◆ Try it
Look through the data below for the line with "Fiorina Jewellery I Am Necklace Black Onyx" and the line with "Batería para ER14250", then transcribe exactly from the first through the second, leaving out all pictures.

START Data to use

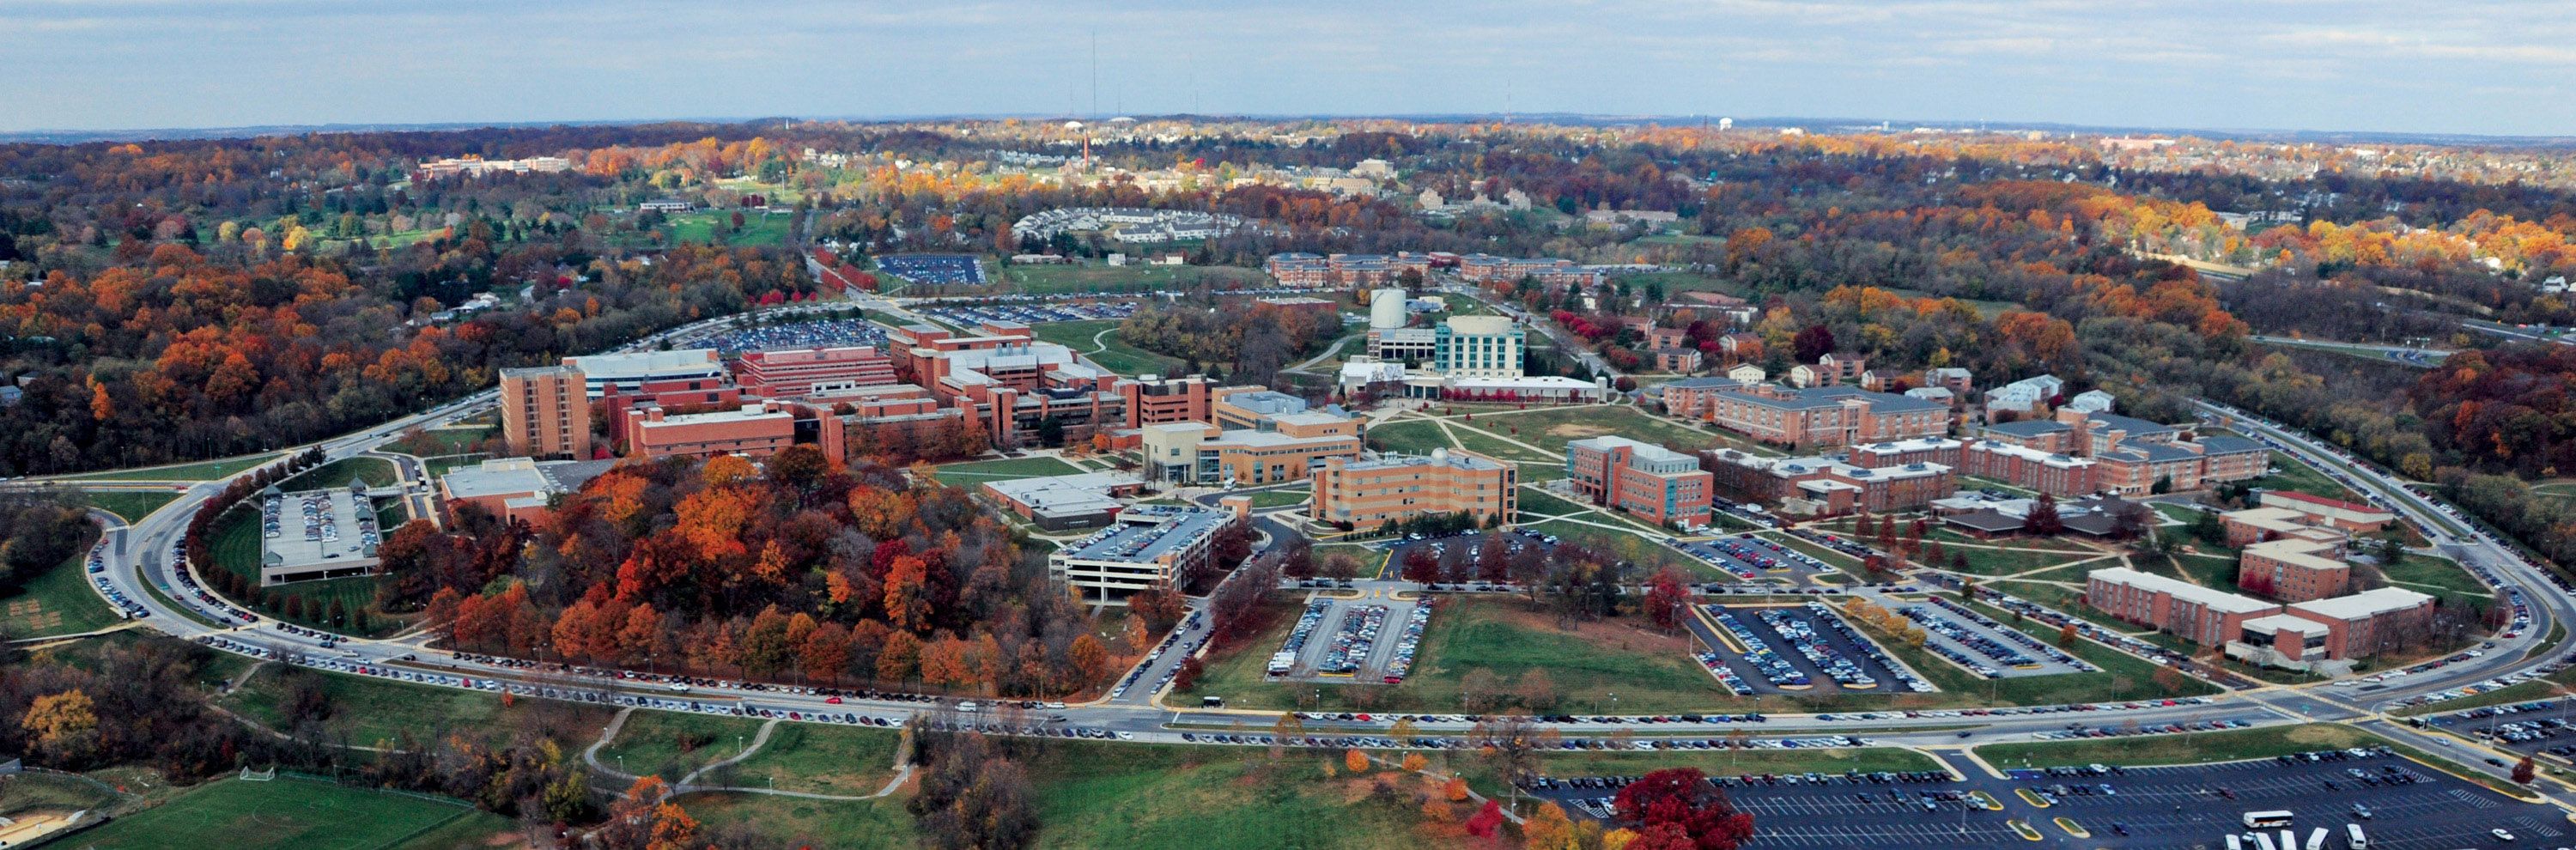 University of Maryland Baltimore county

END Data to use
START Data to use

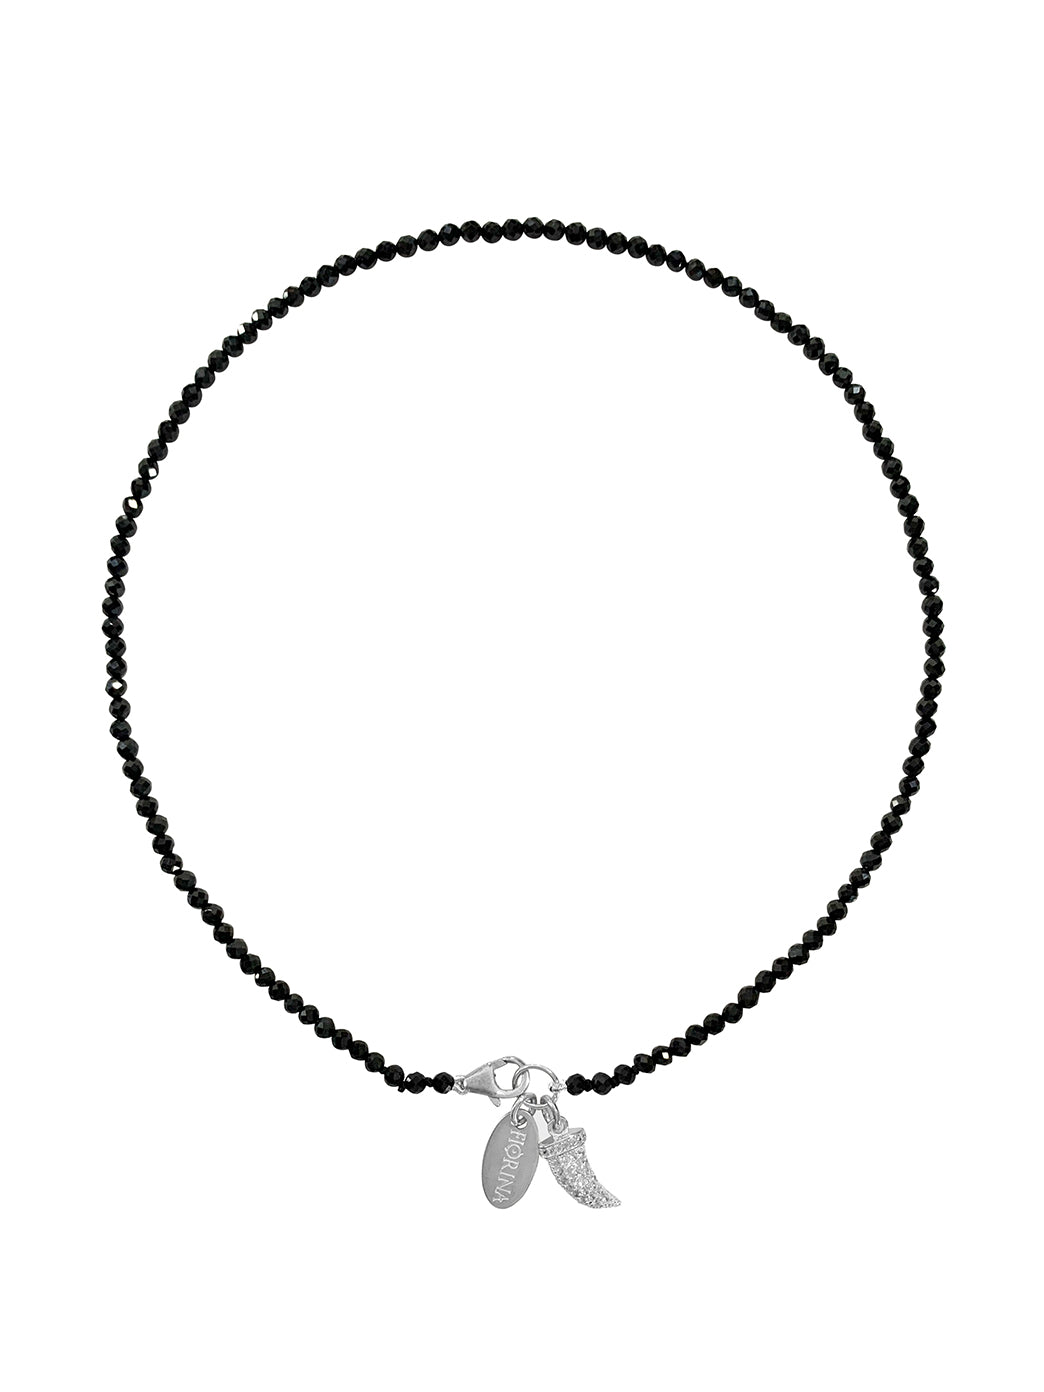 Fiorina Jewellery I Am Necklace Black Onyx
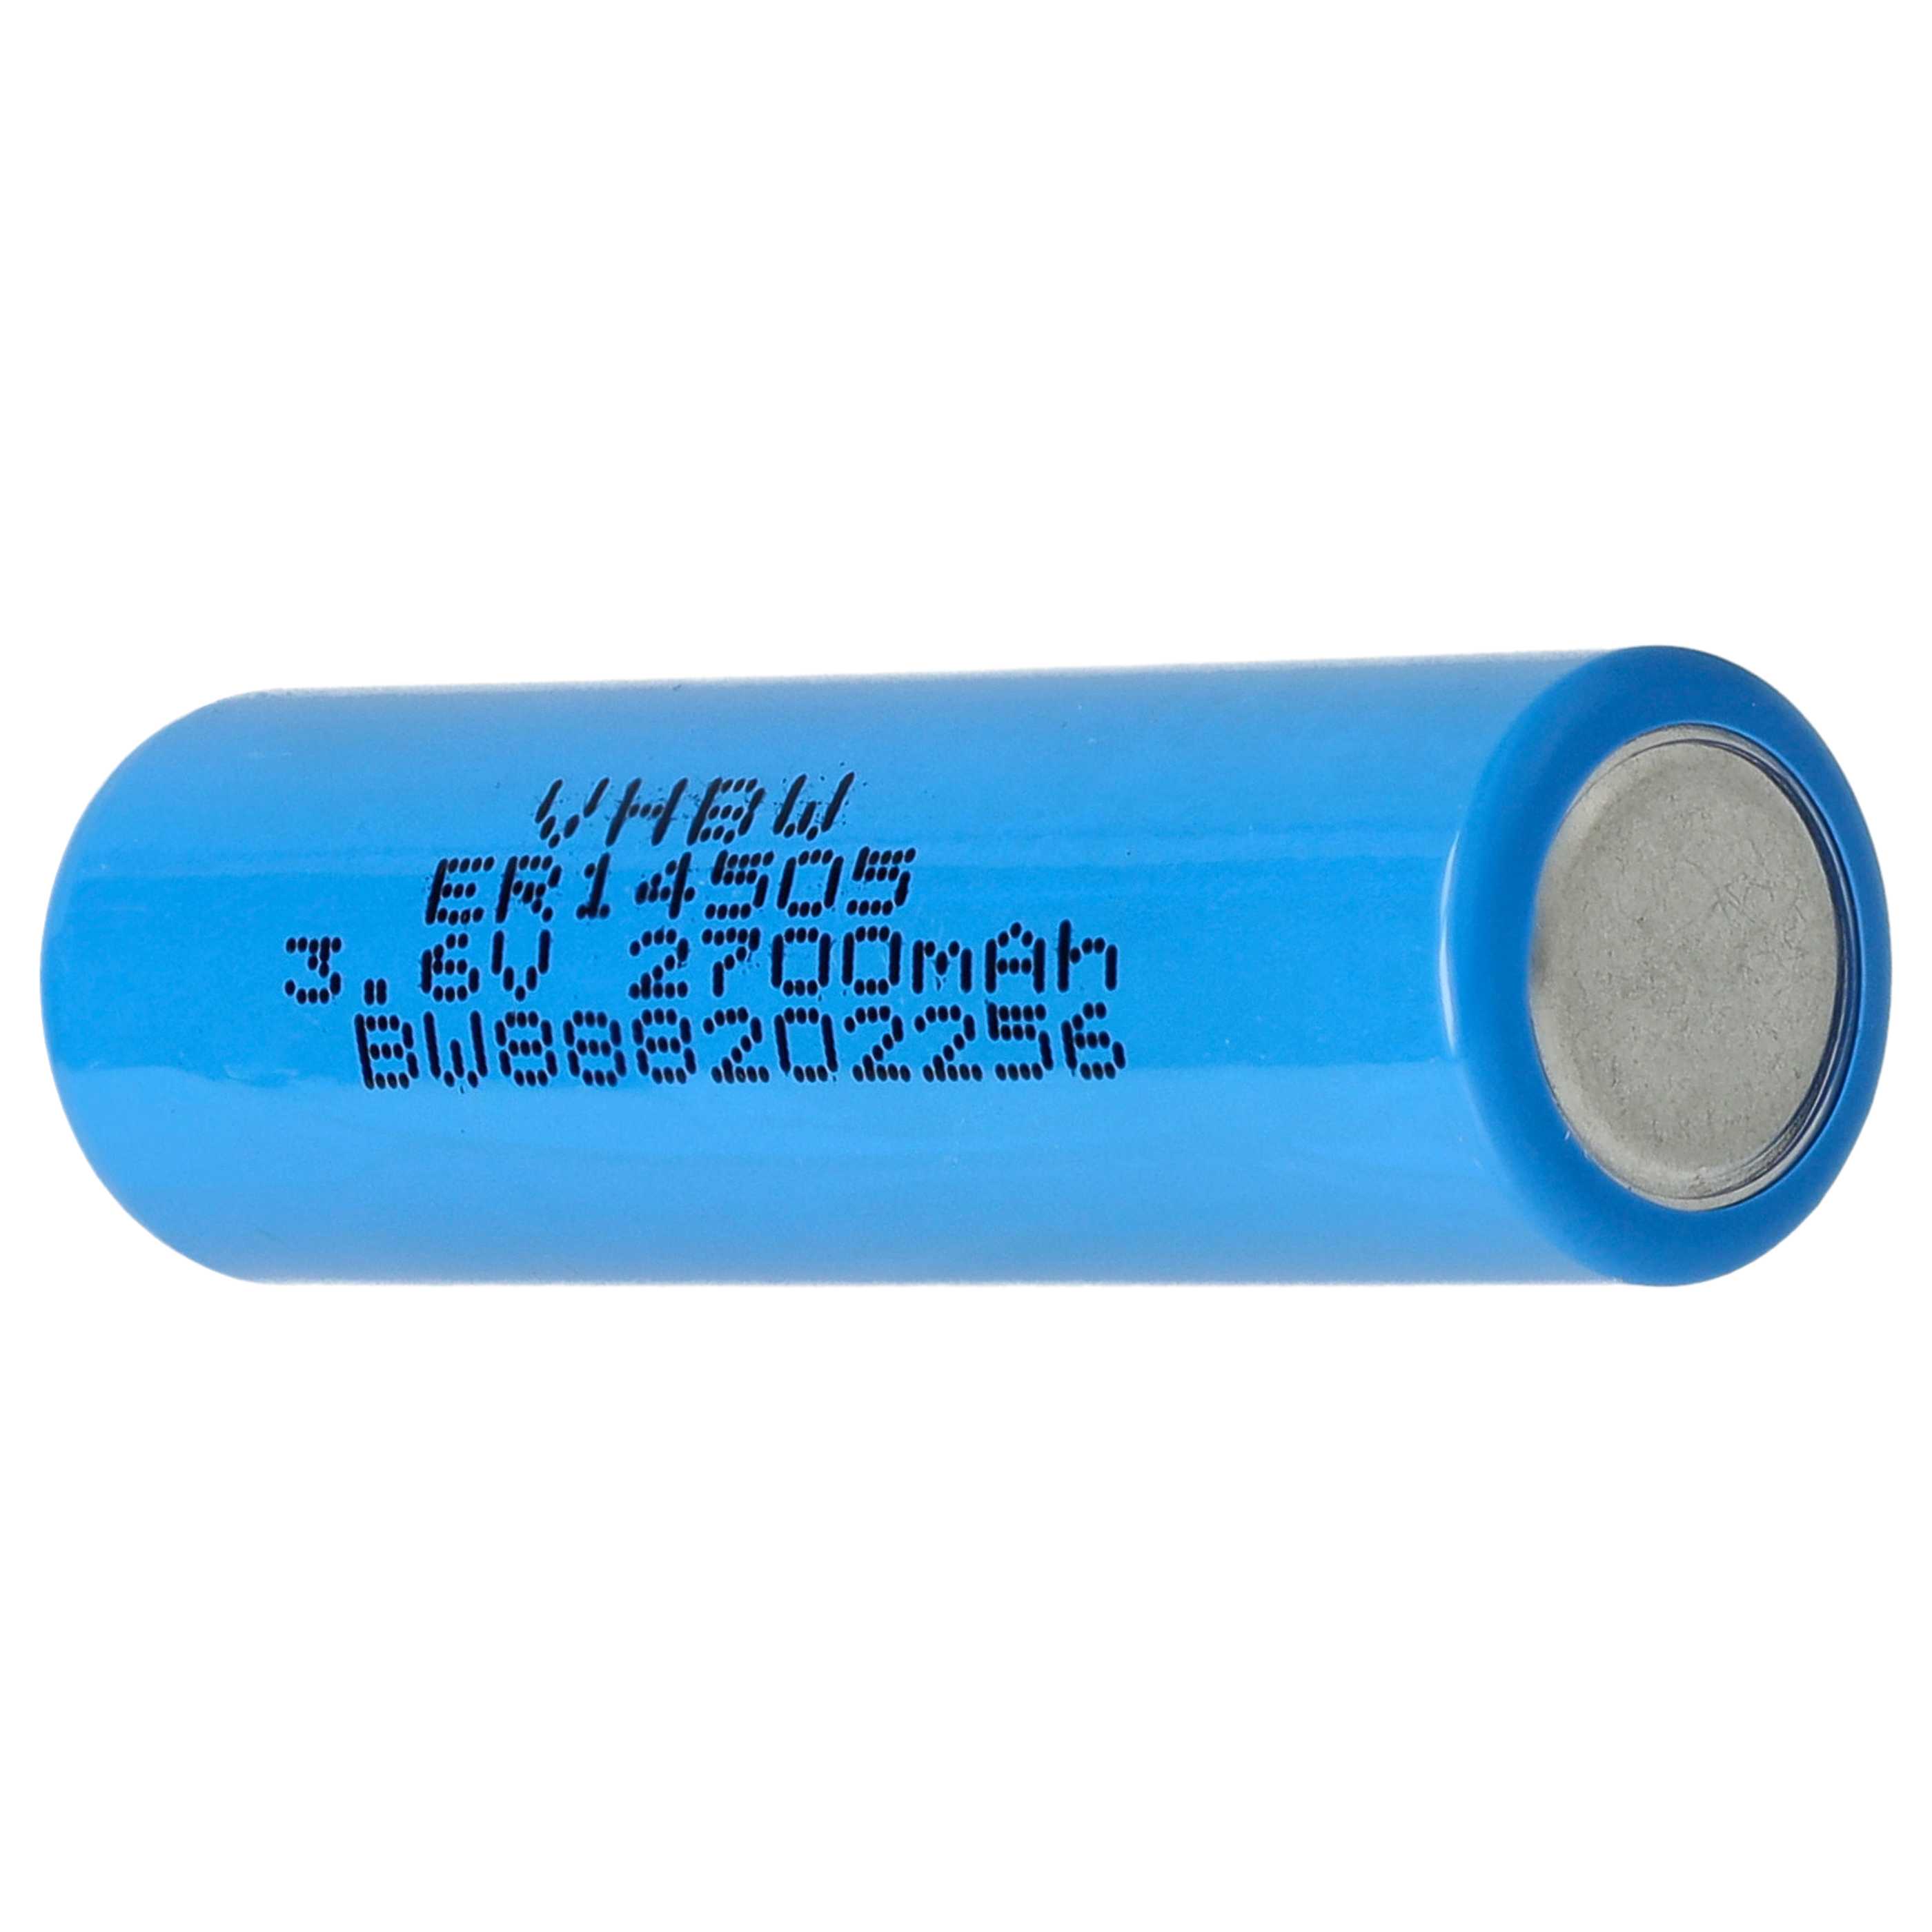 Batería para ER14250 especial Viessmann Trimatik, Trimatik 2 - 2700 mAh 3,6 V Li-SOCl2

END Data to use

◆ Response for this exercise
 Fiorina Jewellery I Am Necklace Black Onyx
 Batería para ER14250 especial Viessmann Trimatik, Trimatik 2 - 2700 mAh 3,6 V Li-SOCl2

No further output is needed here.